絶望先生第7回

 前々からの期待通り、前半は第2集第15話の藤吉さん紹介話でした。一方、後半は「祭り」あわせなのか、第3集第26話の「神輿」ネタをやっていました。

 前半部分はほぼ原作通り。原作通りすぎてヤバくないのか、と思えたほどでした。また、冒頭のカレンダーがちゃんと、2007年日程になっているなど、芸の細かさを感じさせられました。
 コミケの場面では、なぜかペープサートで表現されていました。その中には、これはTVではできんだろう、と思っていた「黒服・黒眼鏡の数人の男に警護されながら会場を歩く女性」まで出ていました。そこまでやる以上は当然でしょうが、「『いろは』という本を売る、後ろのサークルの売り子が、時を追うにつれ、コスプレしていく」という「げんしけん」ネタもそのまま再現されていました。
 スペース内で「あゝナルト こうナルト」を読んでいるときの藤吉さんの独り言は蛇足ではないかとか、あの時間の有明周辺を二人きりで歩くという描写は無理があるのではなど、という突っ込みどころもありましたが、全体的に藤吉さんと会場風景がよく描けており、これまでで一番楽しめました。
 なお、「四コマ編の闇」ネタも基本的には原作通りでしたが、さすがに、長谷川町子さん風ネタ「わたしの筆も握りなさい」はできなかったようでした。

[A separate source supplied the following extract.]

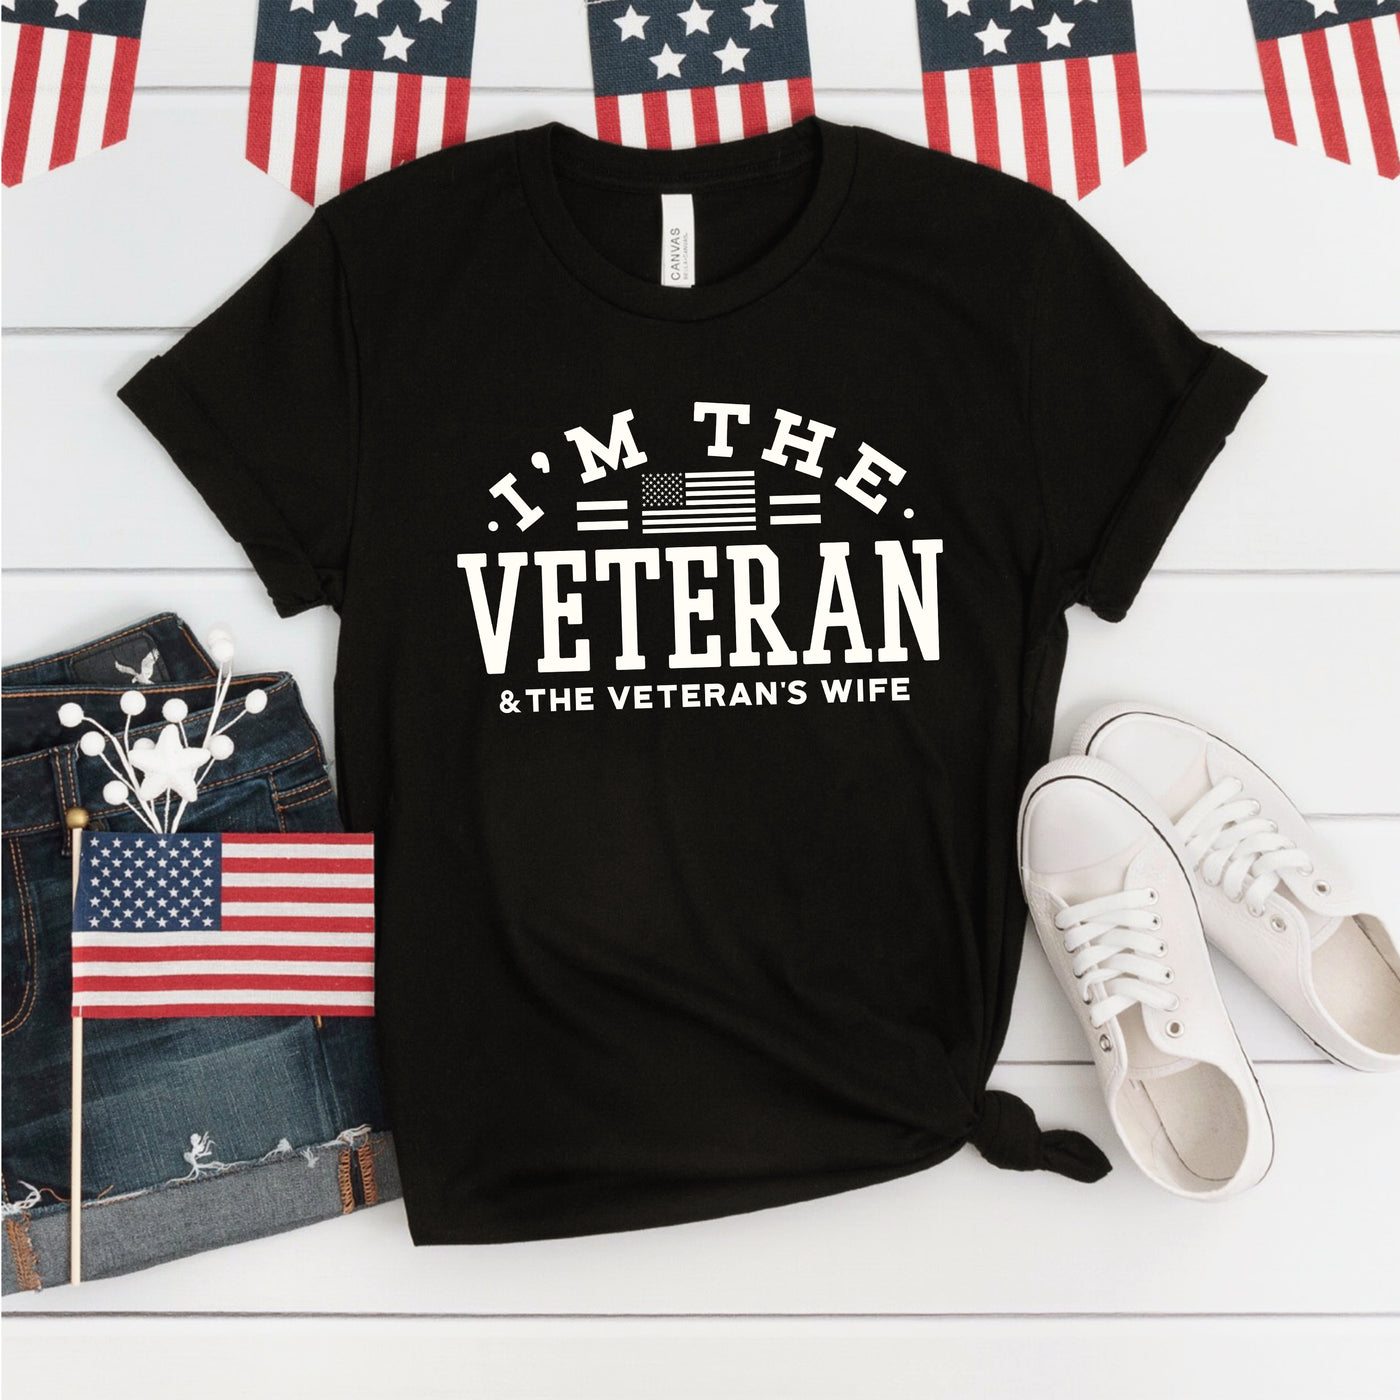 Veteran's Wife T-shirt

 後半の「神輿」ネタは、さすがにそのまま使えないものが多く、その分を、常月さんや小森さんを担ぎ上げるなどして穴埋めしていました。さすがに「片山さっき」「ヤワラちゃん」「エ○ベックス神輿」「コ○コ○神輿」「あるあ○神輿」は具体的すぎてできなかったようです。
 しかし、文字ネタの中に「小泉改革」を入れていたり、「ただ人が死んじゃうだけの小説・世の中」をそのままやっていたりと、かなりギリギリかと思われる所まで突っ込んでいました。
 ただ、特に問題がなさそうな、「万世橋わたる君が安易に『萌え』という風潮を批判する」ネタは無視されていました。キャラそのものを出さない意向なのでしょうか。それとも、「萌え産業」への配慮なのでしょうか。
 前半部分は特にそうでしたが、全体的にも話・絵ともうまく描けていたためか、あまり穴埋めネタは気になりませんでした。ただ、先週から始まった智恵先生と小森さんの絡み(?)による穴埋めは何とかならんもんか、と思いました。「カバー下」をネタにする、という発想自体は面白いとは思うのですが・・・。
 なお、今回の締めの絵は高橋留美子先生が担当。小節さんに抱かれた猫が高橋キャラになっているのが、当然とはいえ妙に印象に残りました。